Only when I reached the Civic Center did I realise what was going on: all the Mexicans were gathered there, protesting Arizona’s new senate bill, SB1070.

“Stop!” I cried, “stop this nonsense! Put down your bi-lingual protest signs and your American flags and get back to work!” My hotel room was not going to clean itself, and I was hungry for enchiladas. But the Mexicans ignored me – perhaps because I don’t speak a word of Spanish or perhaps because they couldn’t hear me over the chanting; but probably because I’m white. Racists.

Indeed, this week, the subject of racism is on everyone’s lips. First Arizona turned the concept of innocent until proven guilty on its head, passing a law that forces people who look Mexican to carry documentation that proves they’re not in the US illegally or face six months in prison. (British readers may be forgiven for feeling a sense of deja vu.) Meanwhile, across the Atlantic, we Brits were having our own race-related scandal, when Prime Minister Gordon Brown was caught on a live microphone calling 66-year old voter, Gillian Duffy, “bigoted” after she harangued him over the number of Polish immigrants “flocking” to the UK.

To his eternal shame, Mr Brown apologised profusely for his comments the next day, claiming he had misunderstood Mrs Duffy’s words despite the fact that, like many older white voters, her blaming polish immigrants for many of the UK’s problems plainly is a form of bigotry (Poles are Britain’s equivalent of Mexicans in the US, except Poles are allowed to immigrate to the UK freely and without a visa).
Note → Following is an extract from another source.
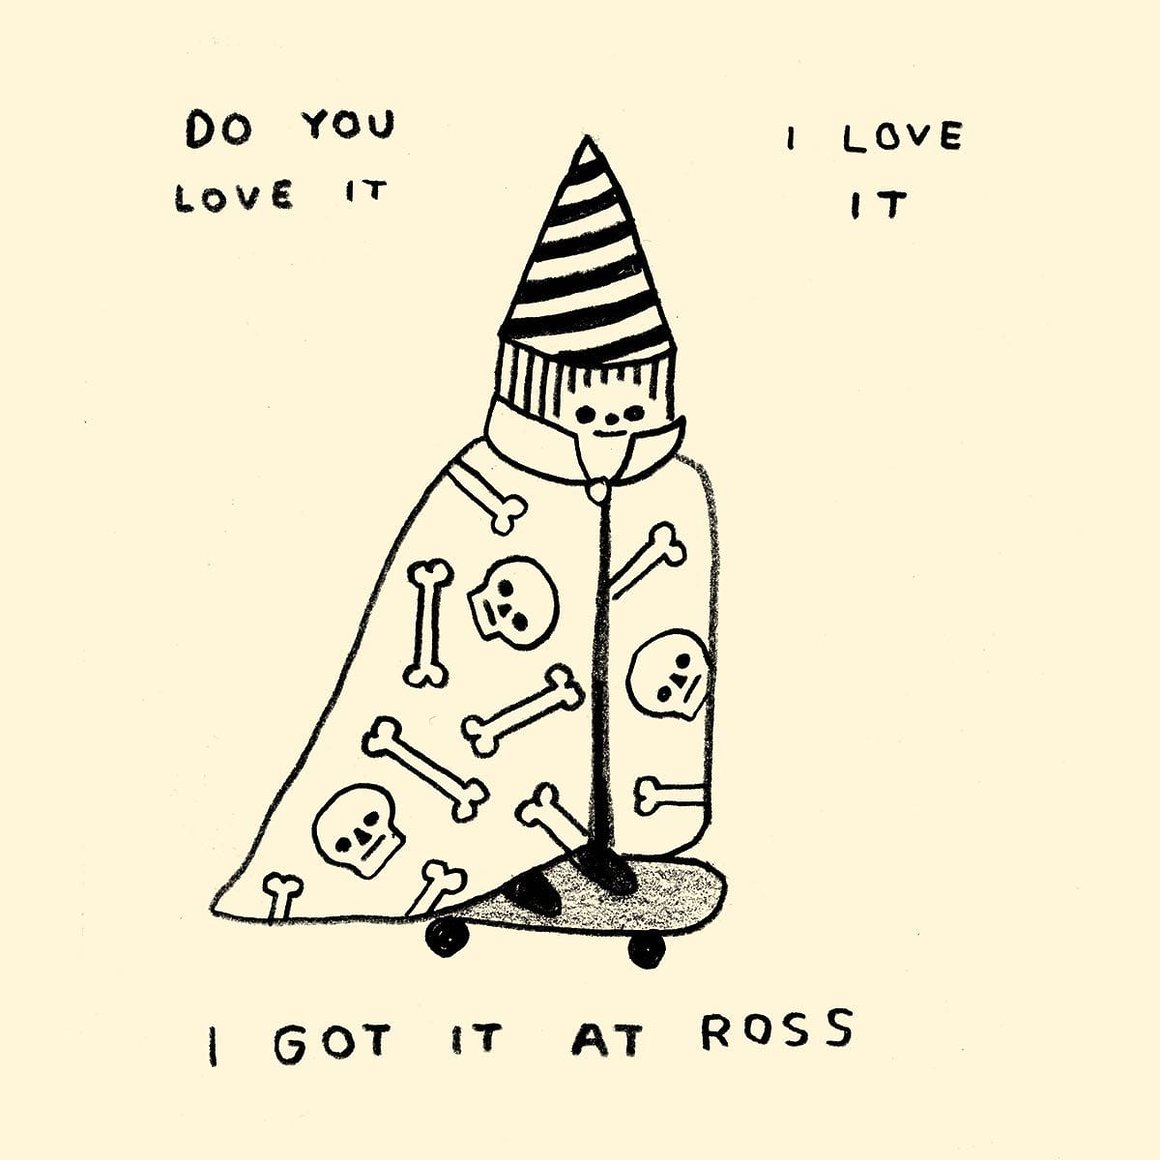 Dessin d'un enfant sur un skate vêtu d'une cape avec des têtes de mort et un chapeau pointu à rayures. On peut y lire " I gout it at Ross" ; "Do you love it"; "I love it"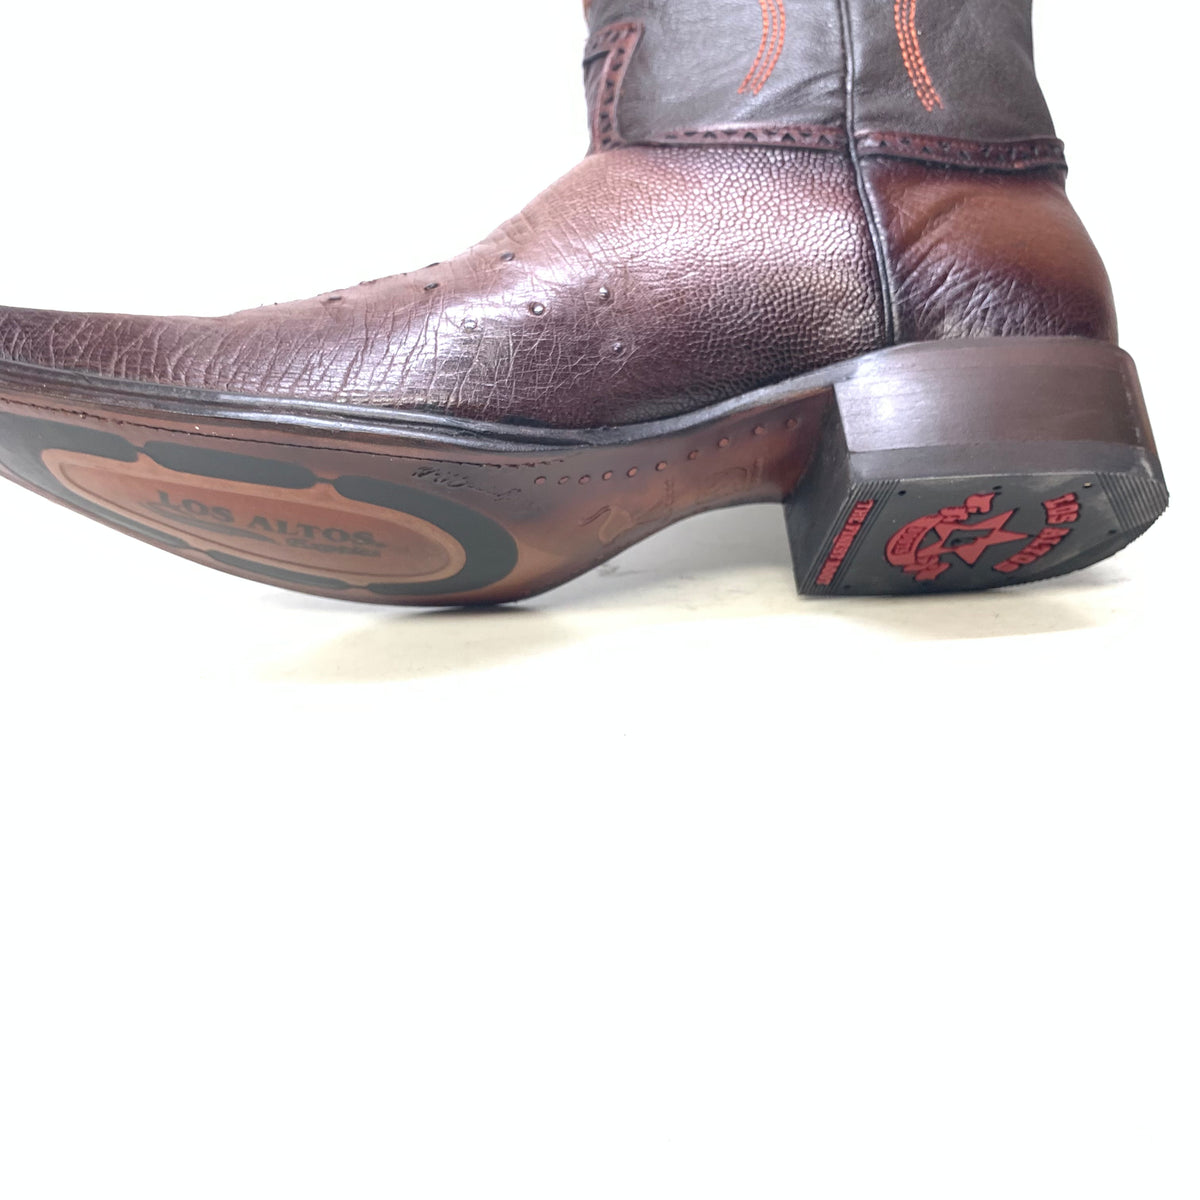 Los Altos Boots Brown Ostrich Quill Cowboy Boots - Dudes Boutique

I’d like to say that I’m shocked at Arizona’s new law, or at an old white lady living in the north of England being fearful of foreigners – but of course I’m not. Arizona is a state with an increasingly large population of white people above retirement age and study after study has shown this group to be the most likely to hold anti-immigrant, or even out-and-out racist views. But equally, I’m heartened – and I mean this in no way callously – that these people are literally a dying demographic. Growing up in their place is a generation which, thanks to the Internet, is exposed daily to people of different races, colours and creeds.

Thanks to the proliferation of social networks, which recognise no national or social boundaries, it’s now just as easy to make friends with someone in Africa as it is to connect with someone in Arkansas. At Munich’s DLD conference two years ago, Randi Zuckerberg spoke inspiringly about how Facebook was bringing together young people from both sides of the Israeli/Palestinian conflict through their shared membership of Facebook groups. Just last week, Slate cited a paper from the University of Chicago which showed that people who get their news from online sources are more likely to have a balanced news diet (ideologically speaking) than those who get their news offline. As an avid Internet user, so the study claims, I’m likely to visit both the new York Times and Fox News in order to get a balanced picture of events than someone who relies on a single newspaper.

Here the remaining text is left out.